The North American bulk power system is comprised of four interconnected regions: the Western Interconnect, the Eastern Interconnect, Texas, and Quebec. Arguably, the largest and most diverse of those areas is the Western Interconnect, which spans from northern Alberta and British Columbia in Canada to the Baja California peninsula in Mexico and includes all or part of 14 U.S. states in between. The varied geography and geology of the region creates a wide range of possible energy sources. The Pacific Northwest is dominated by mountains and rivers and therefore has many large storage hydroelectric facilities. The interior portion of the Western Interconnect that runs from Alberta southward has substantial coal and natural gas deposits and these areas tend to have a higher proportion of fossil fuel capacity and generation.
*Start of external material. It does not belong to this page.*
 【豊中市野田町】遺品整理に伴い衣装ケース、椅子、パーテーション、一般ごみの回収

Several U.S. states within the region have nuclear generating capacity; however, the use of this technology is prohibited in British Columbia and the province of Alberta currently has no plans to introduce nuclear electricity production into its generation mix. Low-carbon energy sources, particularly the variable energy resources (VER) of wind, solar, and run-of-river technologies, are increasingly the focus of WECC policymakers, fostered by the underlying conviction that adding zero-carbon resources will reduce emissions in the electricity sector. In the work that follows, we roughly estimate the quantity of carbon abatement expected from state and provincial policies that are designed at increasing low-carbon capacity and generation. We do not consider the carbon production impacts of connecting VERs to the grid or of firming their output once they enter service, both of which would have the effect of raising the cost of CO2 abatement with the addition of VERs. In addition, we provide a lower bound on the cost of reducing emissions in a system with significant low-carbon assets.
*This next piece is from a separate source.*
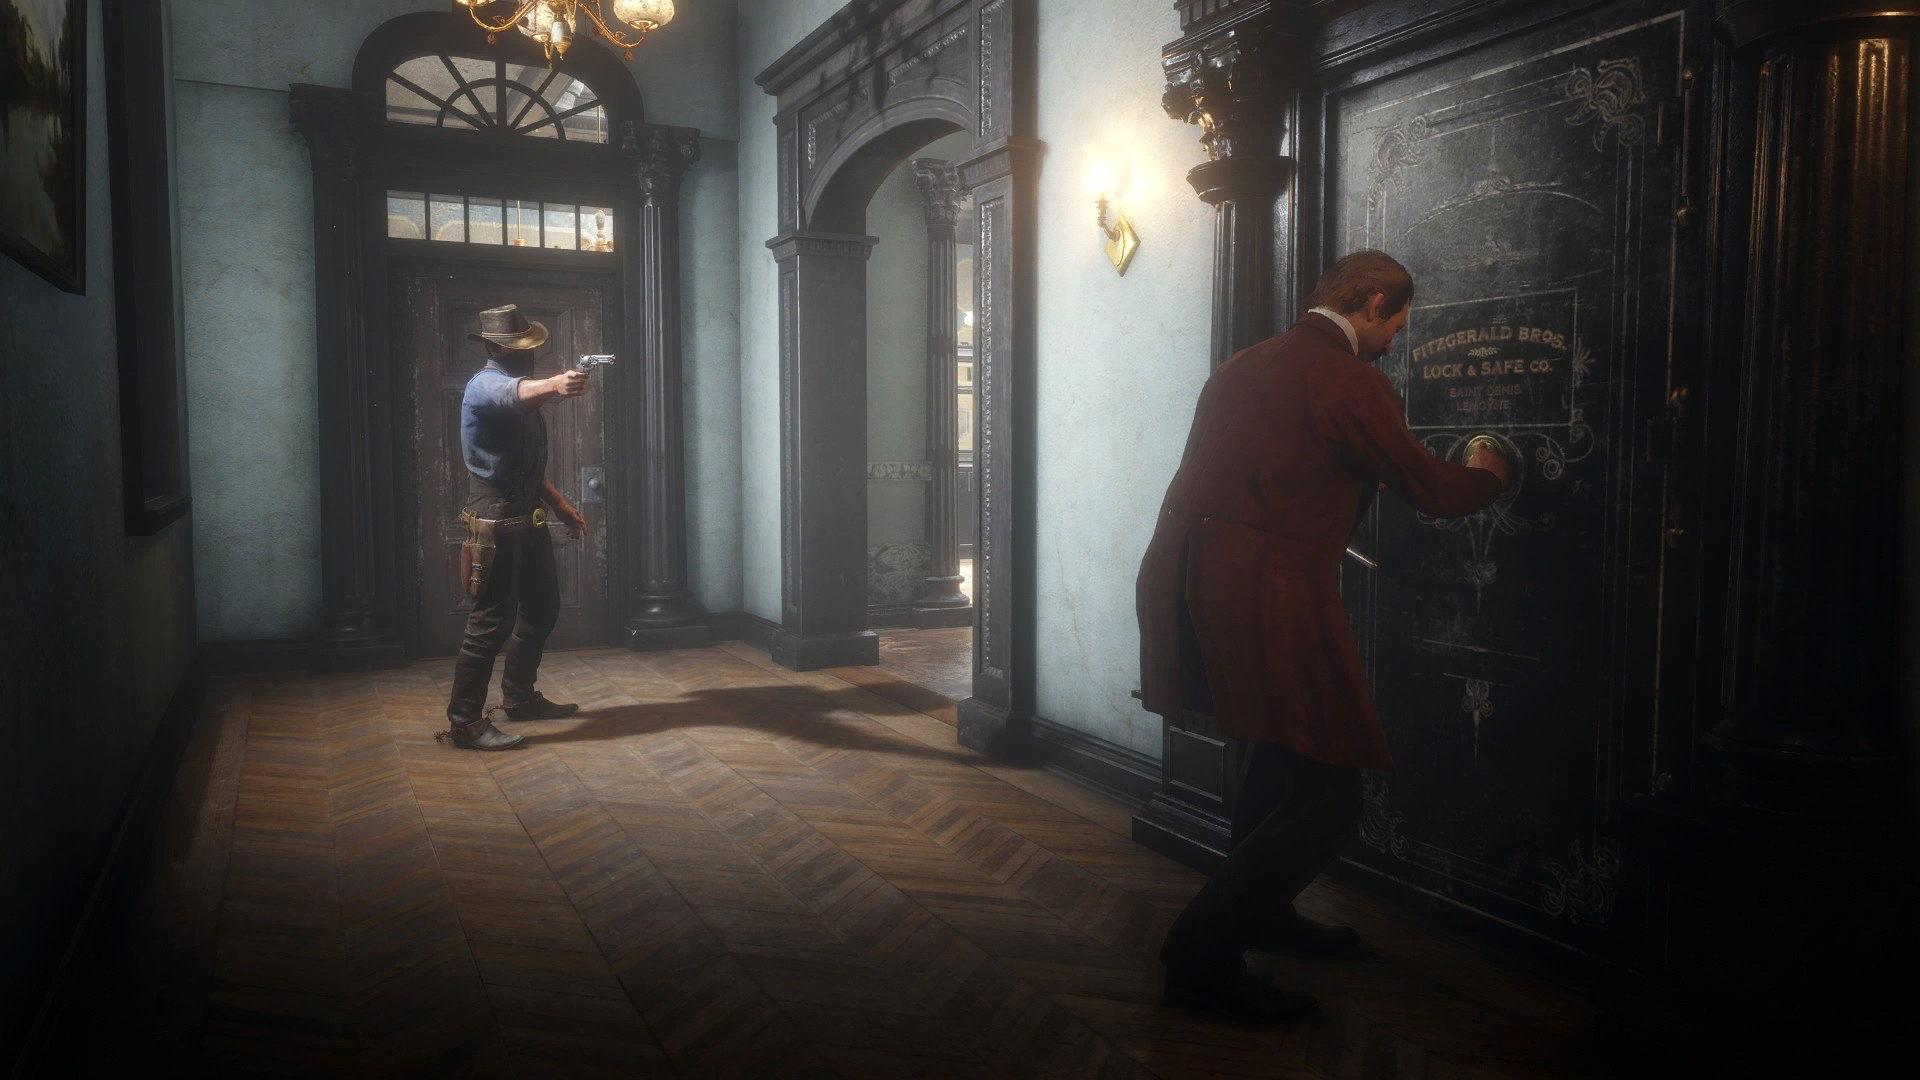 《荒野大镖客2》抢银行Mod 让你变成真正的西部大盗

Sopinka, A., and Pitt, L. (2014). The Columbia River Treaty: Fifty Years After the Handshake. The Electricity Journal, 27(4), 84-94.
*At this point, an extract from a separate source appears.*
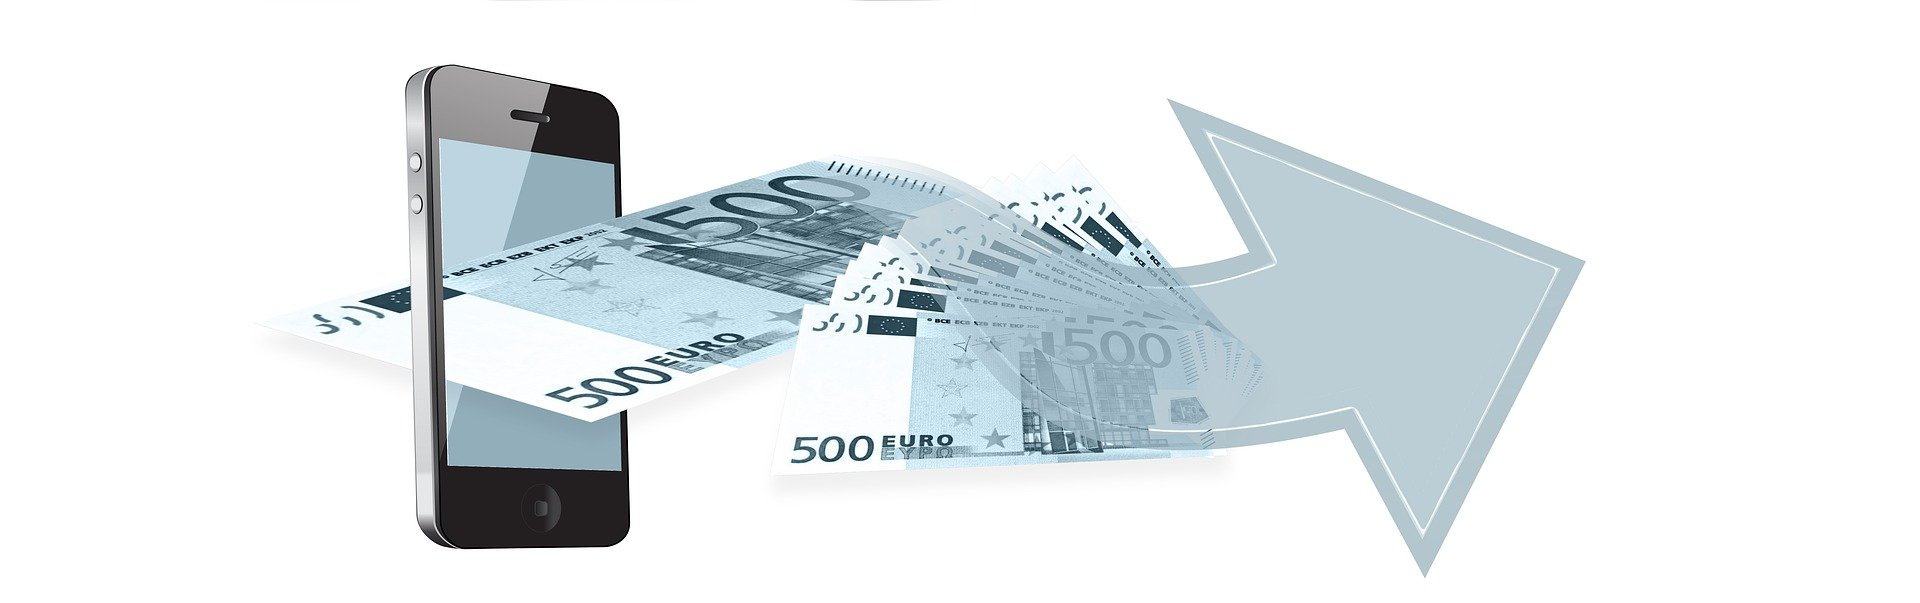 sikre betalinger hos lvbet casino

The Columbia River Treaty requires coordinated water flows between Canada and the U.S. to improve power generation and provide flood control. In September 2014 either country can announce their desire to terminate participation in the Treaty. Already there appears to be a significant chasm between the entities with respect to how they will allocate the costs and benefits associated with future coordinated operations. The Columbia River is the fifteenth-longest river in North America, winding its nearly 2,000 km length through both Canada and the U.S. Approximately 15 percent of the river’s 669,300 km2 basin is located in Canada, although due to the elevation and geography, the Canadian portion of the river contributes approximately 35 percent of the annual average flow and up to 50 percent of total annual peak flows. In all, the Columbia River discharges 244 billion cubic meters or 198 million acre feet (Maf) annually, which makes it the third-largest in North America in terms of river mouth flow rate, after the Mississippi and St. Lawrence rivers (Dai and Kevin, 2002). However, its unregulated flow rates are highly variable; flow at the Canadian border can range from 14 to 555 thousand cubic feet per second (kcfs). U.S. measurements are taken at The Dalles, Ore., and can vary from 36 to 1,240 kcfs (BPA, 2011). A map of the Columbia Basin is shown in Figure 1.